Tax receipts may not be the most fun, sexy, or fulfilling portion of our jobs, but they are certainly critical to our success. For many organizations, these touches represent lost opportunities. A crucial moment in our relationship with the donor that can be easily overlooked, mechanical in nature, and generally counter-productive. You may be thinking, “it’s just a tax document, it doesn’t mean that much”, but let’s take a moment to think bigger about what that interaction actually represents.
The tax receipt is the very first touch point the donor has with your organization after making a gift. You want this communication, whether via email or snail mail, to be prompt and meaningful while reinforcing their positive giving behavior. If that first touch point doesn’t come for two weeks, or looks like something you would receive after purchasing a pair of shoes, and doesn’t demonstrate significant gratitude, you may be undermining your entire fundraising effort. Instead of immediately responding and acknowledging the donor’s gift, we (inadvertently) make them feel unappreciated and simply one of many.
So how do we tackle this, while still maintaining efficiency? As donor relations professionals, how do we insert the donor and their needs squarely into this process?
I dive deep into these issues in this webinar on tax receipts and pledge reminders, but if you're just looking for a few tips to get you started, here are the first three guiding principles of tax receipts:
1. Timeliness: 72 hours. Yes, 72 hours. Three business days. This is the industry standard and best practice for all organizations, regardless of size and complexity. This may seem impossible to some, and yes it can be very challenging, but it is critical. If your organization goes MIA for two weeks after someone voluntarily gives you a charitable gift, it undermines their need for recognition and gratitude. They aren’t thinking of you two weeks after they made a gift. They have moved on and if you don’t make an impression in a short time, chances are they will not continue to give.

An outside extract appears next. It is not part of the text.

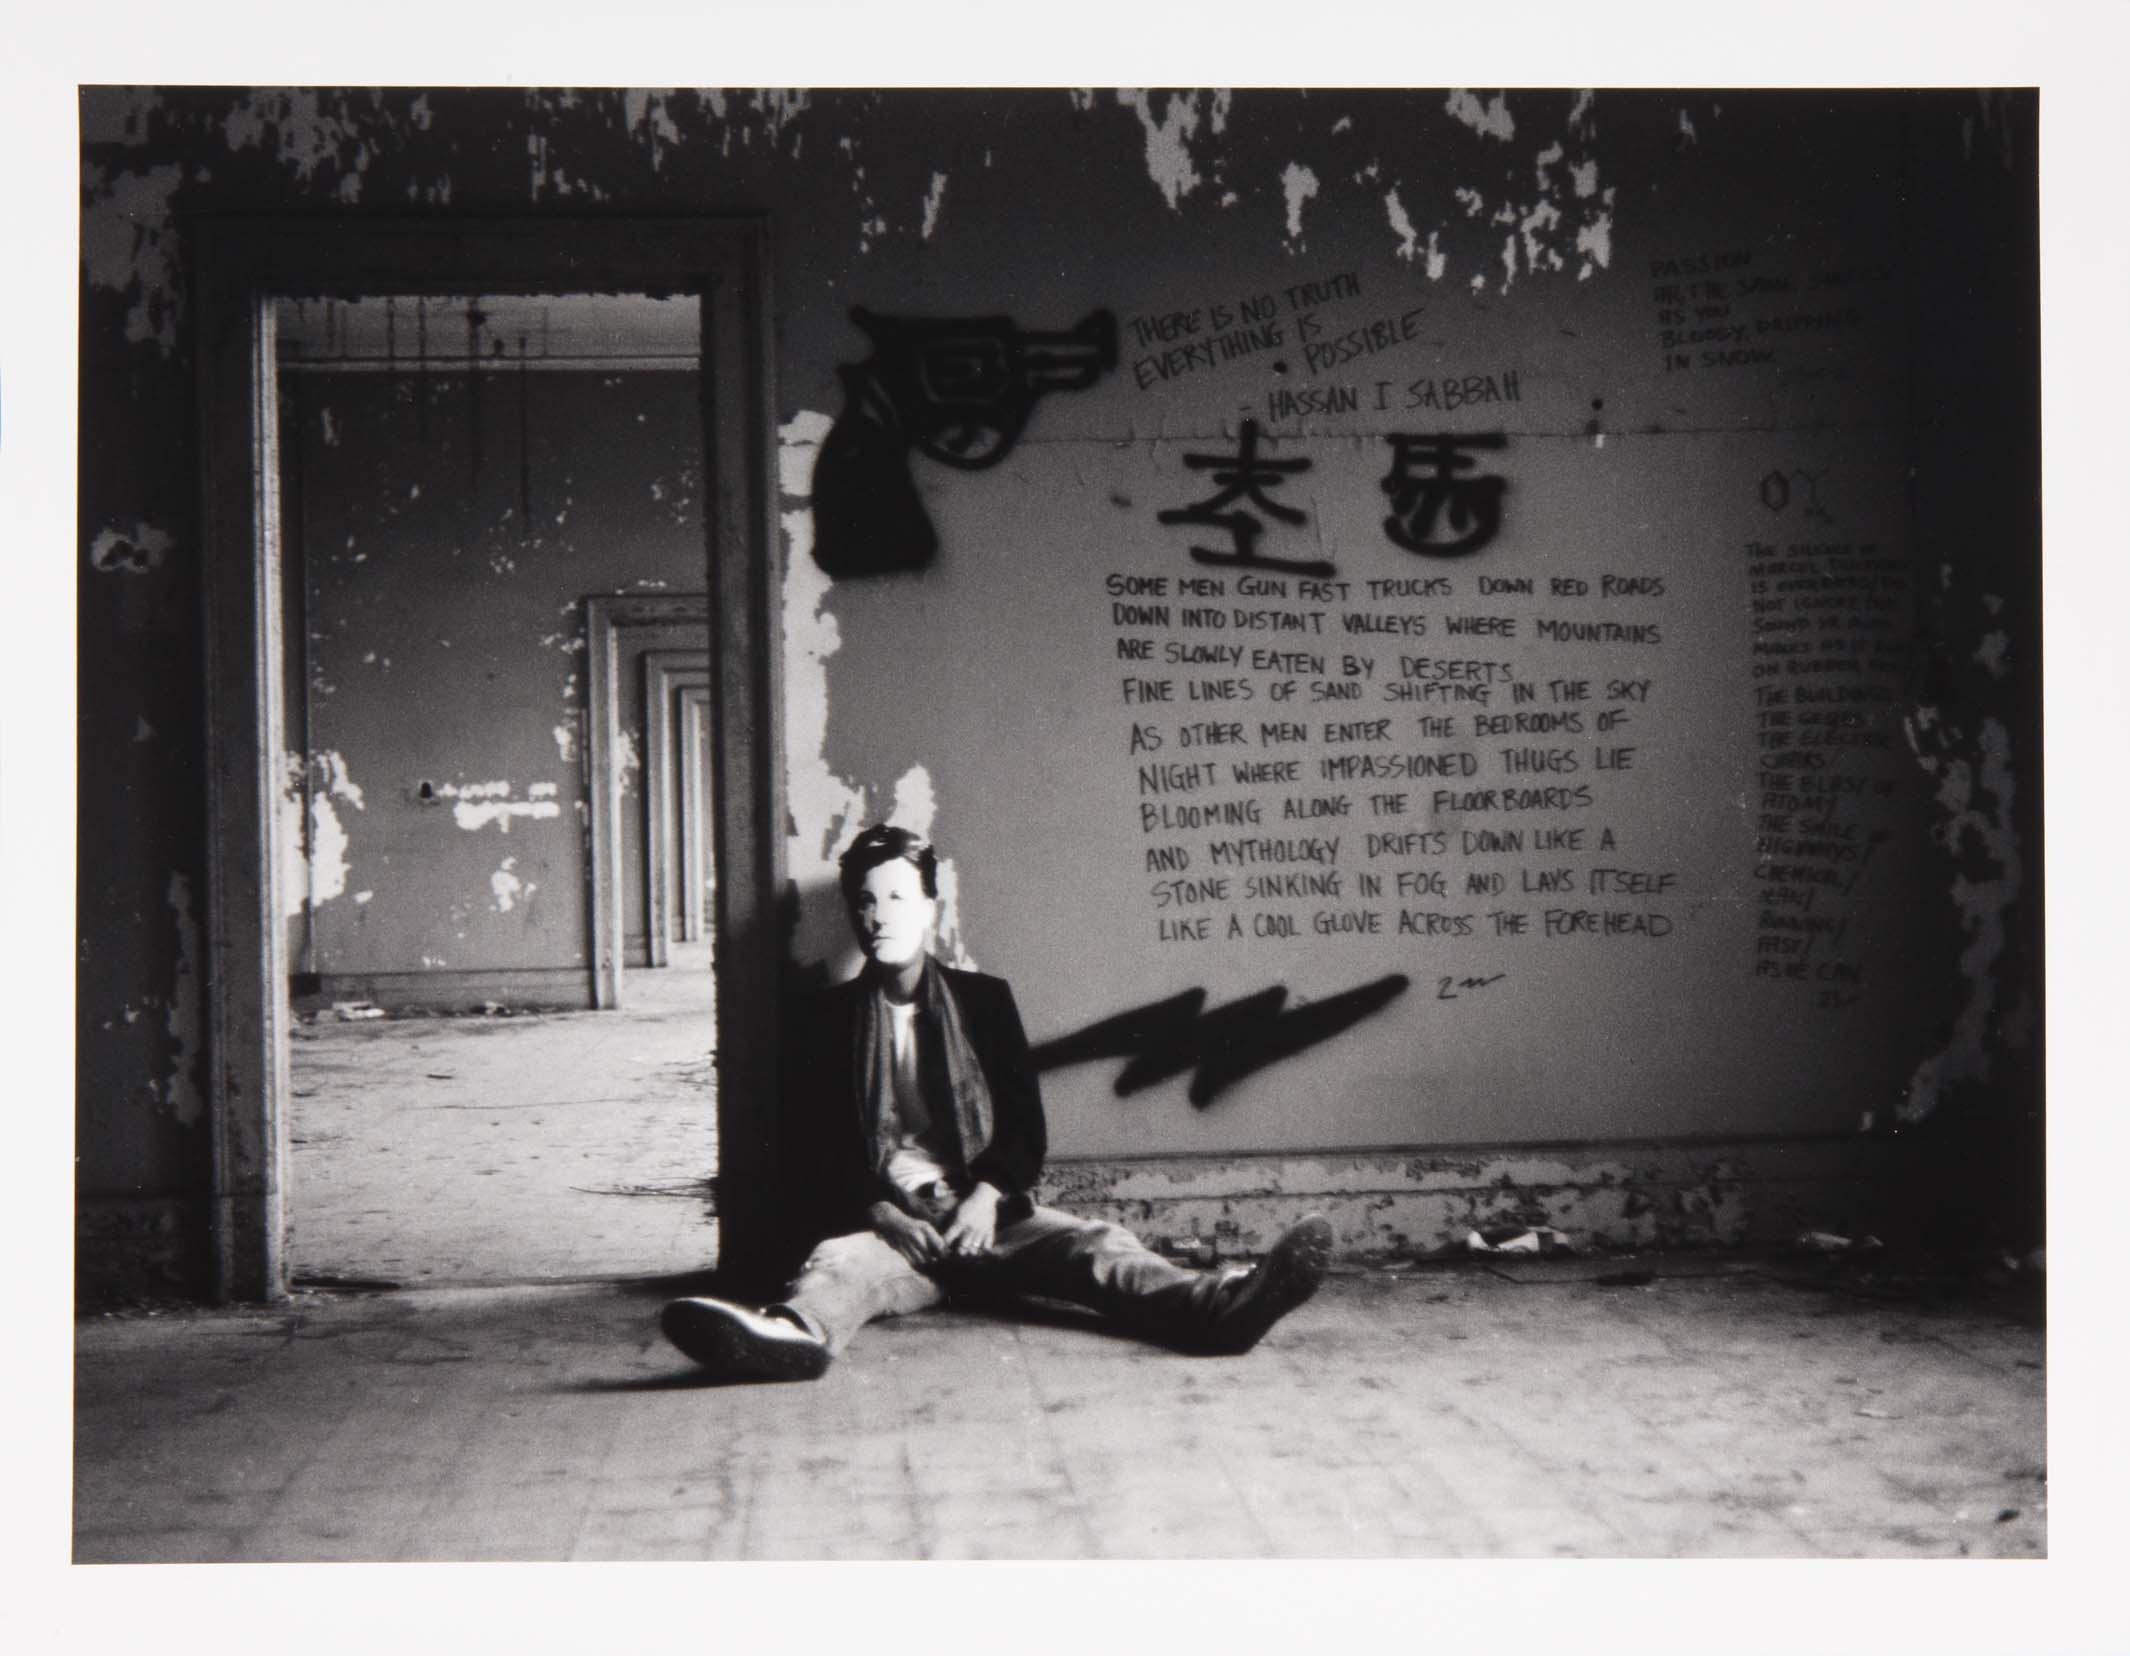 arthur rimbaud in new york,  1978-1979

2. Method: Meet your donors on their ground. If they give to you on-line, don’t snail mail them a receipt. If they mail you a check, don’t try to email them important tax information. While this increases the complexity of the process, it’s critical to match our donors’ communication styles and methods. Have you ever purchased something online and then received a hard copy receipt in the mail? No. You haven’t. So make sure your organization is on par with the rest of the online transaction world.
3. Impact: While the tax receipt is a technical tax document, that doesn’t mean they have to be devoid of human voice, warmth, and gratitude. Make sure the design of the document is attractive (after all, it is likely the only document your donor will keep very long) and represents the mission of your organization. Don’t be afraid to include impact stories, quotes from students/patients/beneficiaries, images of people, etc. And most importantly, don’t forget to put a genuine THANK YOU in your tax receipt. (And not for their transaction, but for their generosity.)
This helps get us started on tackling the complex issues around the tax receipting process and the role that donor relations professionals can have in making sure they are enhancing the donor experience…and ultimately affecting the fundraising bottom line.